The description of electromagnetic components and systems by electrical circuit models is indispensable for a wide range of applications: In the field of EMC, electrical circuit models are ideally suited for the detection of EMC coupling paths, which are very difficult to track for 3D geometries. In the field of numerical optimization techniques, electrical circuit models offer short simulation times and allow the coupling of the electromagnetic domain to other physical domains. In the field of power electronics, electrical circuit models describe energy dissipation due to parasitic electromagnetic interactions.

The construction of an equivalent electrical circuit model is in general cumbersome and less formalized than a description in terms of electromagnetic fields. No general and reliable technique for the automated construction of equivalent electrical circuit models exists. The aim of this thesis is the development of a technique that allows a fully automated construction of equivalent electrical circuit models from 3D geometry information. Instead of constructing the circuit directly from geometry data, our approach consists of reducing a field-theoretical model to an equivalent electrical circuit model.

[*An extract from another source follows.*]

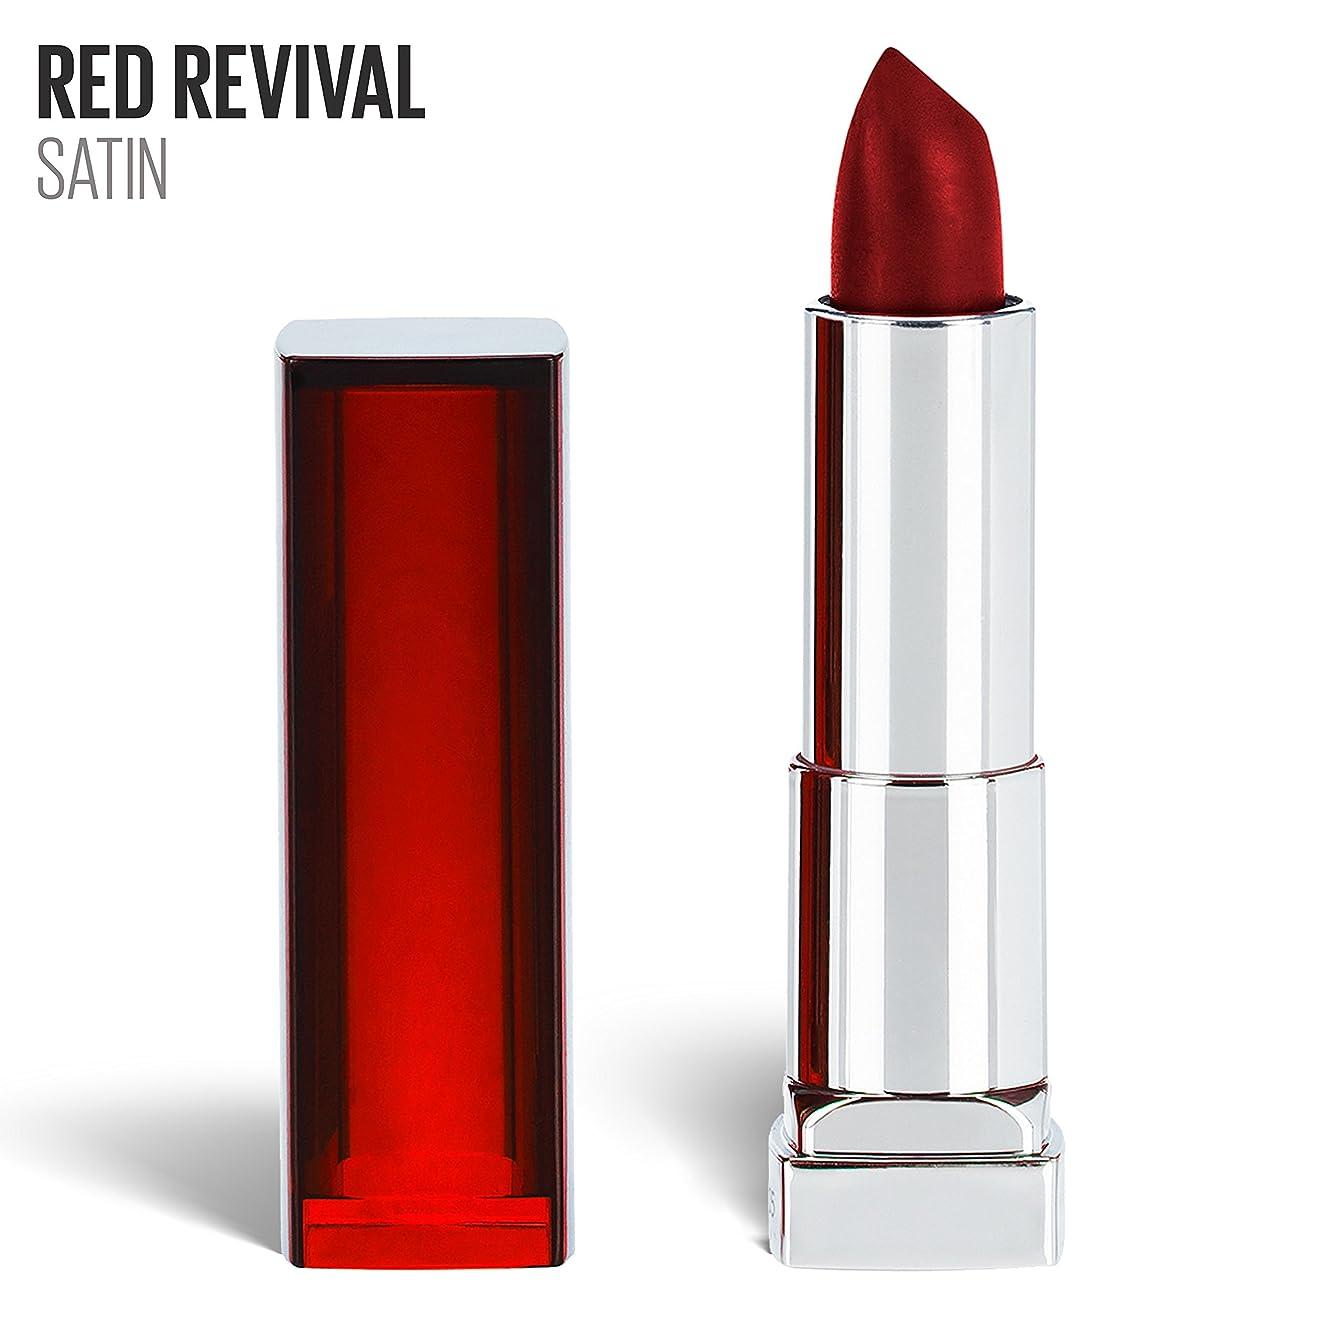 好む前置詞シダMaybelline New York 色センセーショナル赤口紅、マット口紅、レッドリバイバル、0.15オズ。 1つのカウント レッドリバイバル645
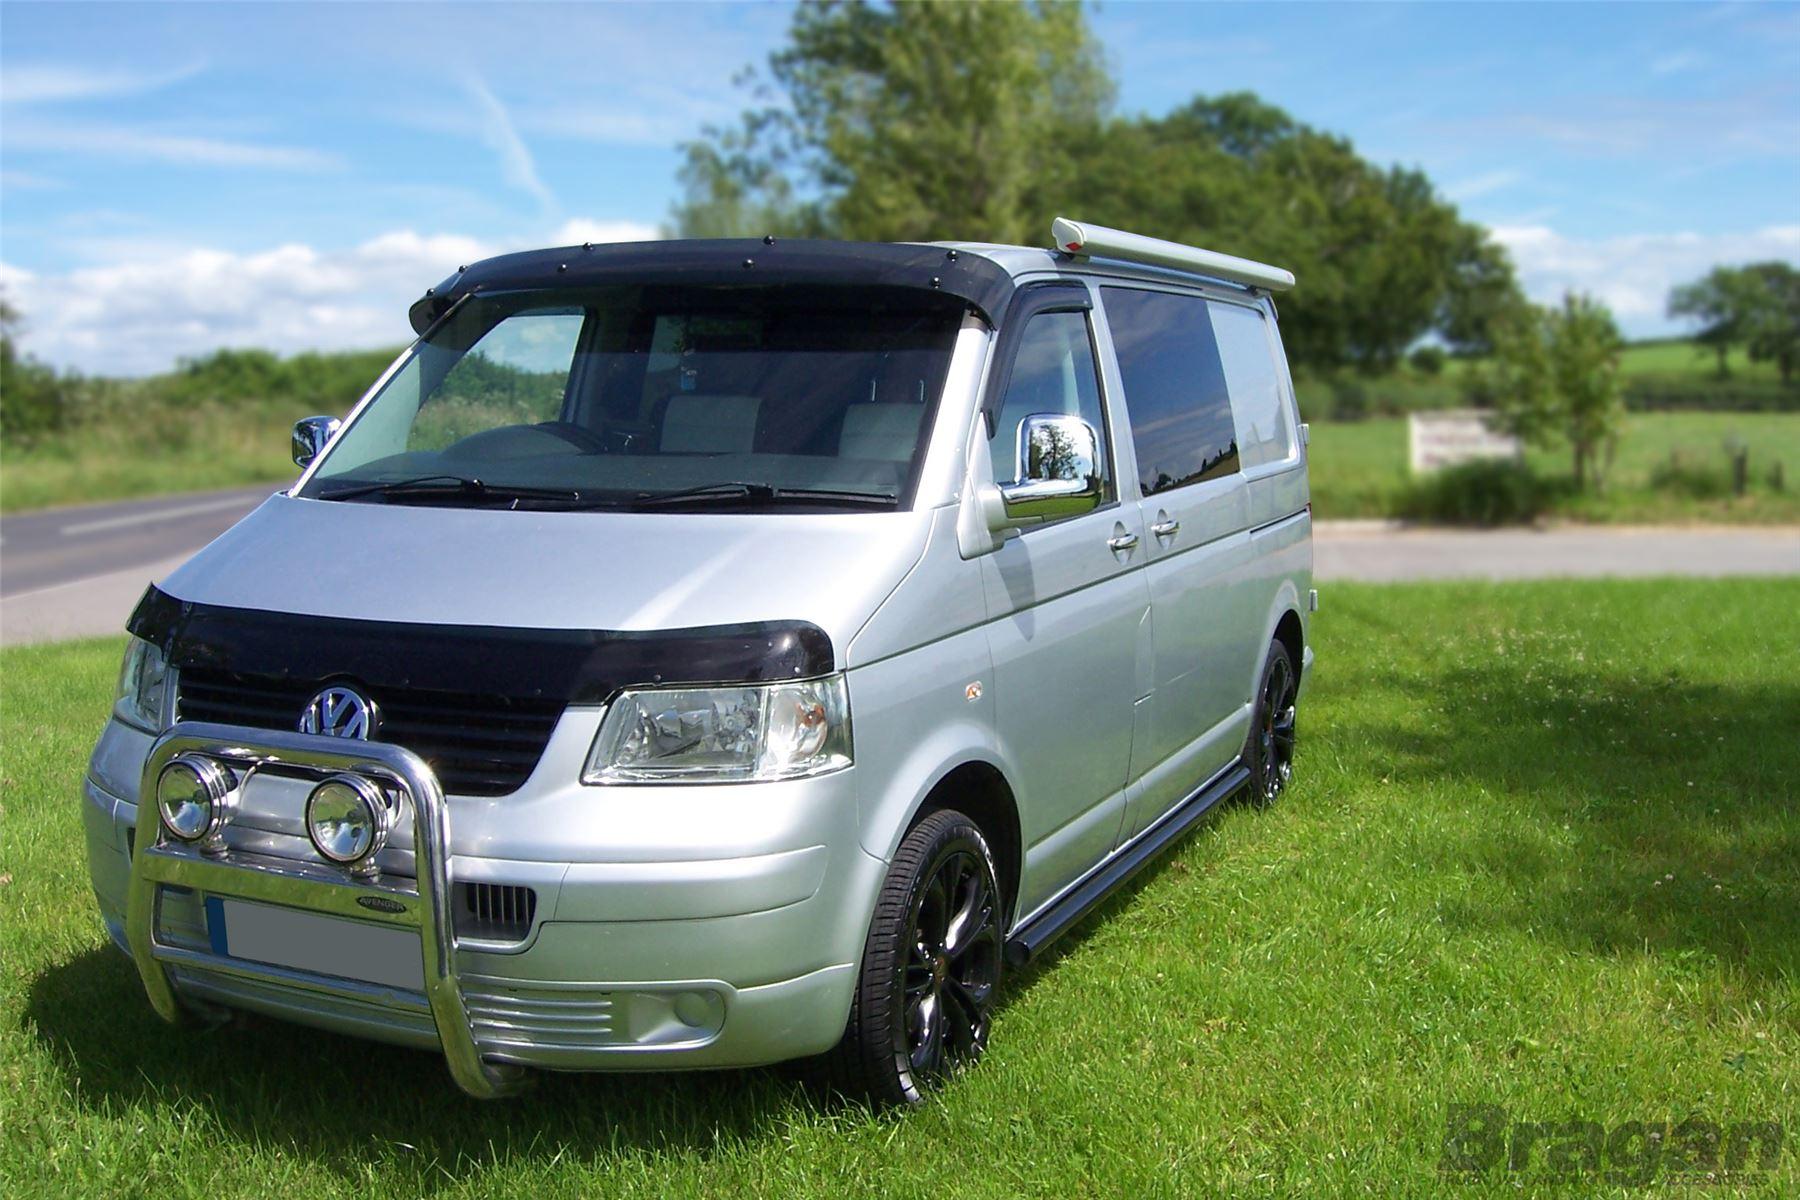 2004 2010 volkswagen vw transporter t5 caravelle smoked. Black Bedroom Furniture Sets. Home Design Ideas

In this way, we exploit the generality of the field-theoretical approach, which can be applied for a wide range of geometries using state-of-the-art simulation techniques. The electromagnetic effects having the largest impact in the frequency range of interest are then used for the construction of the electrical circuit model. The circuit elements can be seen as condensed representations of these field-theoretical processes. The reduction process allows a very direct assessment of the accuracy of the electrical circuit model.